With summer rapidly coming to a close, I knew I needed to take advantage of the fresh produce and light flavors that exist in the summertime.  This recipe caught my eye on a friends blog and I knew it would be something that would be the perfect dish that could be served either hot or cold and I was pleasantly surprised that it tasted quite lovely either way; we ate it hot one night for dinner and cold the next day for leftover lunches - a win win!

I used some culinary inspiration and decided to add some fresh chopped avocados and grilled prawns to round out the dish.  My husband is anti-vegetarian meals so the simple addition of grilled prawns convinced him this dish was a-ok.


Cheese Tortellini with Tomatoes, Corn, Avocados, and Grilled Prawns
(adapted from TasteofHome)

2 - 9oz packages of refrigerated tortellini
1/2 cup olive oil
1/2 cup freshly grated Parmesan Cheese
3 Tbsp of freshly squeezed lemon juice (juice of 1 lemon)
2 garlic cloves
1 tsp Worcestershire sauce
1/2 tsp salt
2 cups of any type of tomatoes, chopped
1 cup fresh corn kernels
1/2 cup sliced scallions
1 avocado, chopped
1/2 lb prawns, grilled
1/2 cup coarsely chopped basil
salt and pepper to taste

Cook tortellini according to package directions.
In a food processor, pulse together olive oil, cheese, lemon juice, garlic, Worcestershire, and salt. Toss vinaigrette with tomatoes, corn, scallions.
Once tortellini is done, drain and add to the veggie mixture.
Top with chopped basil, chopped avocado, and grilled prawns.
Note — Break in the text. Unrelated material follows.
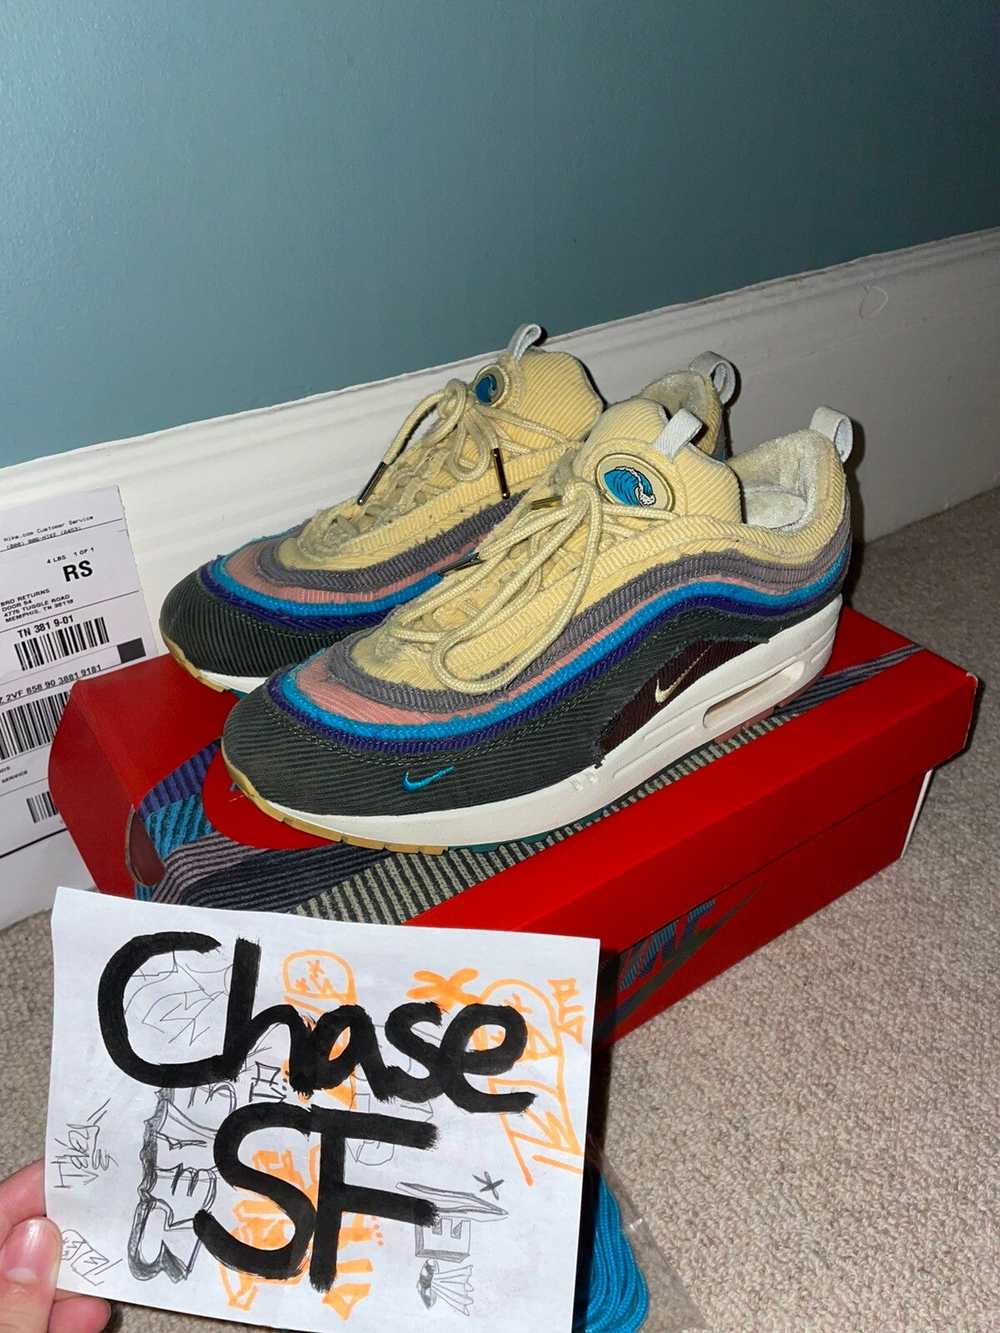 Nike Sean Witherspoon Airmax 1/97 - image 4

Ziti with Portobello Mushrooms, Caramelized Onions, Goat Cheese, and Sausage

Having a new baby means that my time spent in the kitchen has been drastically cut down for the most part. Luckily for me, I have a husband who is more than willing to take over the bedtime routine so I can get my cooking groove back.
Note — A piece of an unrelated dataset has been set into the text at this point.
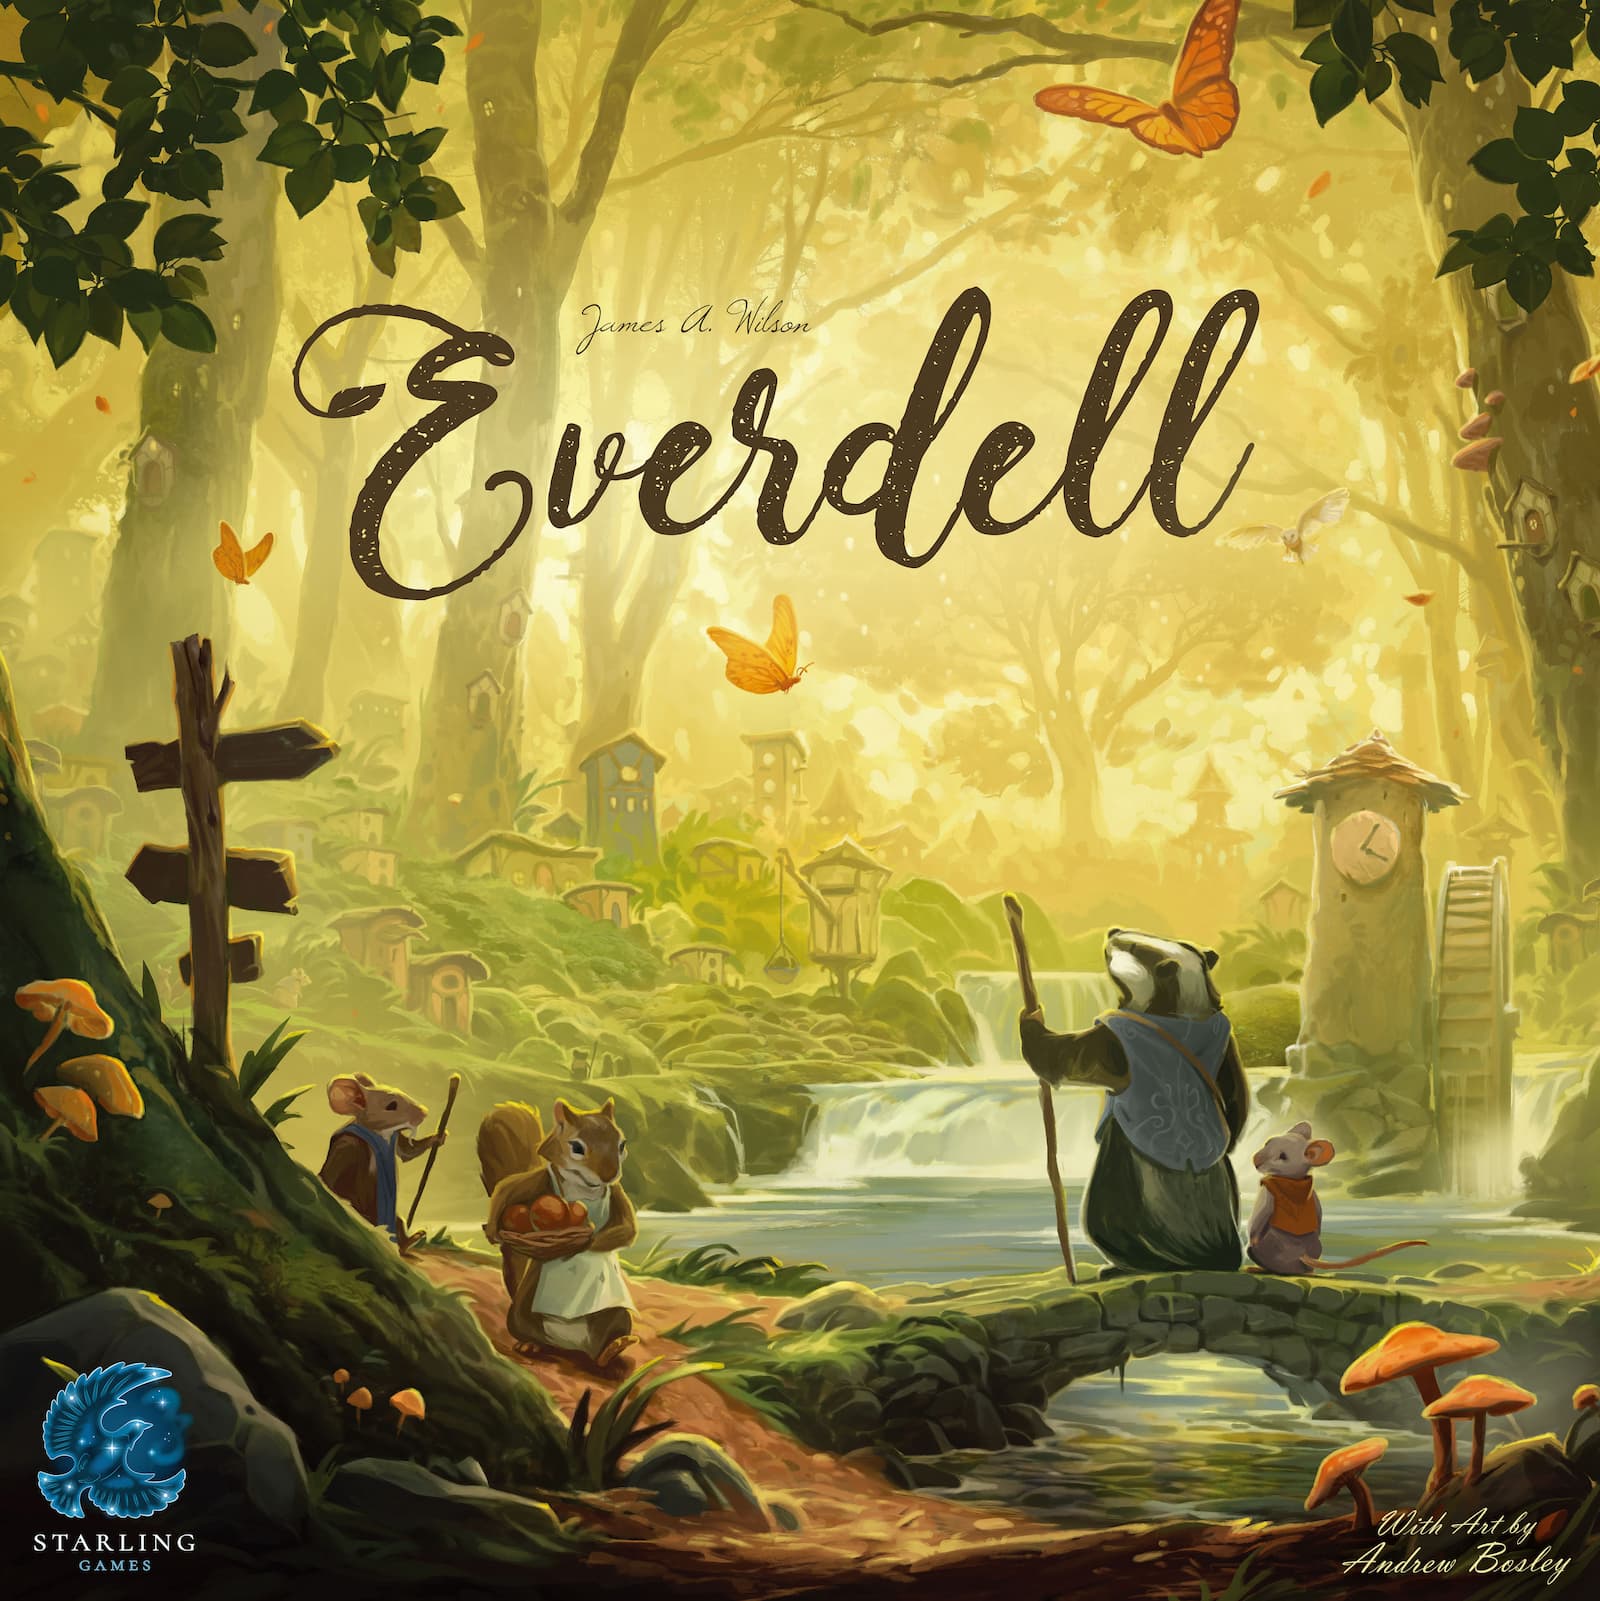 Everdell the board game was manufactured by Boda Games Manufacturing.

During the week I've been keeping things pretty simple but this past week I decided to spice it up and make this recipe I found on Pinterest from one of my favorite magazines, Food & Wine. This recipe jumped out at me because let's face it, anything with goat cheese, caramelized onions, and portobello mushrooms has to be delicious.

 Let me assure you - it was delicious and then some. The pasta is creamy and tangy with the caramelized onions adding just enough sweetness to balance it. The mushrooms add earthiness to the pasta and with my addition of Italian sausage and a quick deglaze of white wine, it was a perfectly hearty meal. Sure you could leave out the sausage but if a meal doesn't have meat in it, my husband gets a week bit cranky ;)


Ziti with Portobello Mushrooms, Caramelized Onions, Goat Cheese, and Sausage 
(adapted from Food & Wine)

1 lb sausage, cooked & sliced
2 tablespoons butter
2 tablespoons olive oil
2 onions, chopped
1 teaspoon salt
1 teaspoon sugar
1 pound portobello mushrooms, sliced
1/3 cup dry white wine
3 tablespoons chopped fresh parsley
1/4 teaspoon fresh-ground black pepper
1 pound ziti
4 ounces soft goat cheese
2 tablespoons grated Parmesan cheese

In a large frying pan, melt 1 tablespoon of the butter with 2 tablespoons of the oil over moderate heat. Add the onions, 1/2 teaspoon of the salt, and the sugar and cook, stirring frequently, until the onions are well browned, about 20 minutes. Remove from the pan.

In the same pan, melt the remaining 1 tablespoon butter over moderate heat. Add the mushrooms, white wine, and 1/4 teaspoon of the salt and cook, stirring occasionally, until tender and brown and the wine has cooked off. Add the reserved onions, the parsley, the remaining 1/4 teaspoon salt, and the pepper. 

In a large pot of boiling, salted water, cook the ziti until just done, about 13 minutes. Reserve 3/4 cup of the pasta water and drain. Toss the ziti and 1/2 cup of the reserved pasta water with the mushroom mixture, the goat cheese, and the Parmesan. Add the cooked sausage to the pasta. If the pasta seems dry, add more of the reserved pasta water. Serve with additional Parmesan.